Most senior body of civil, criminal, and administrative law in the Republic of Uzbekistan

The Supreme Court of the Republic of Uzbekistan is the highest judicial authority in Uzbekistan for civil, criminal, and administrative legal proceedings. The establishment and functioning of the Supreme Court are regulated by the Constitution of the Republic of Uzbekistan (Article 110), the Law on Courts (new version, December 14, 2000), the Civil Procedural and Criminal Procedural Codes, as well as other legislative documents.

The Supreme Court of the Republic of Uzbekistan has the right to oversee the judicial activities of the Supreme Courts of the Republic of Karakalpakstan, regional, city, inter-district, district courts, and military courts. The Supreme Court conducts cases as a first-instance court and in the supervisory order. The Supreme Court consists of the Chairman of the Supreme Court, the first deputy chairman, deputy chairmen, the chairmen of judicial panels, and judges.

The Supreme Court of the Republic of Uzbekistan has the legislative initiative right.

Structure of the Supreme Court
The Supreme Court of the Republic of Uzbekistan operates with the Supreme Court Plenary, the Board, the Civil Cases Judicial Panel, the Criminal Cases Judicial Panel, and the Military Panel. The Supreme Court Plenary is the highest judicial body, convened every four months, and consists of judges of the Supreme Court and the chairmen of the Supreme Courts of the Republic of Karakalpakstan. The Supreme Court Plenary reviews cases under the supervisory procedure, generalizes judicial practices, issues clarifications on the application of laws, and approves the composition of the Supreme Court’s Board, judicial panels, and their chairpersons based on proposals from the Chairman of the Supreme Court.

The Supreme Court Board is composed of a certain number of judges from the Supreme Court of Uzbekistan and holds meetings at least once a month. The judicial panels of the Supreme Court review cases in first-instance, appellate, cassation, and supervisory procedures, analyze judicial practices, generalize them, propose improvements to legal documents, and analyze judicial statistics.

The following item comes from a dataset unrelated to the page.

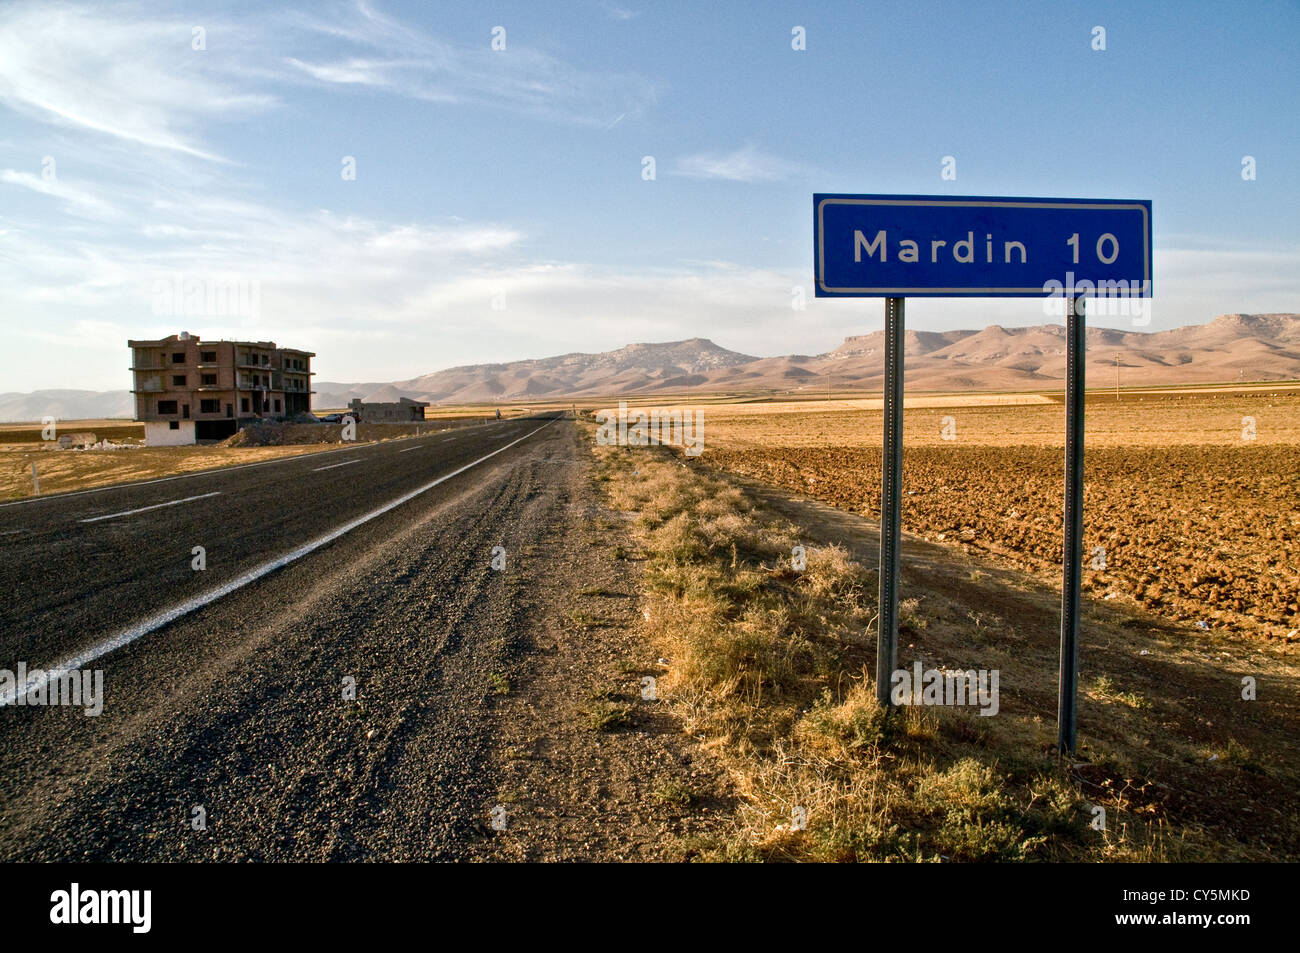 Un panneau routier et une route allant vers le nord à travers la plaine syrienne en direction de la ville de Mardin, dans la région orientale de l'Anatolie, au sud-est de la Turquie. Banque D'Images

The Chairman, Deputy Chairmen, and Judges of the Supreme Court of the Republic of Uzbekistan are elected for a five-year term by the Senate of the Supreme Assembly (Oliy Majlis) based on proposals from the President of the Republic of Uzbekistan.

Publications
The Supreme Court of the Republic of Uzbekistan publishes the "Supreme Court Bulletin of the Republic of Uzbekistan" (since 1989 in Uzbek and Russian) and the Plenary Decisions of the Supreme Court. It is also the publisher of the newspaper “Power is in Justice”.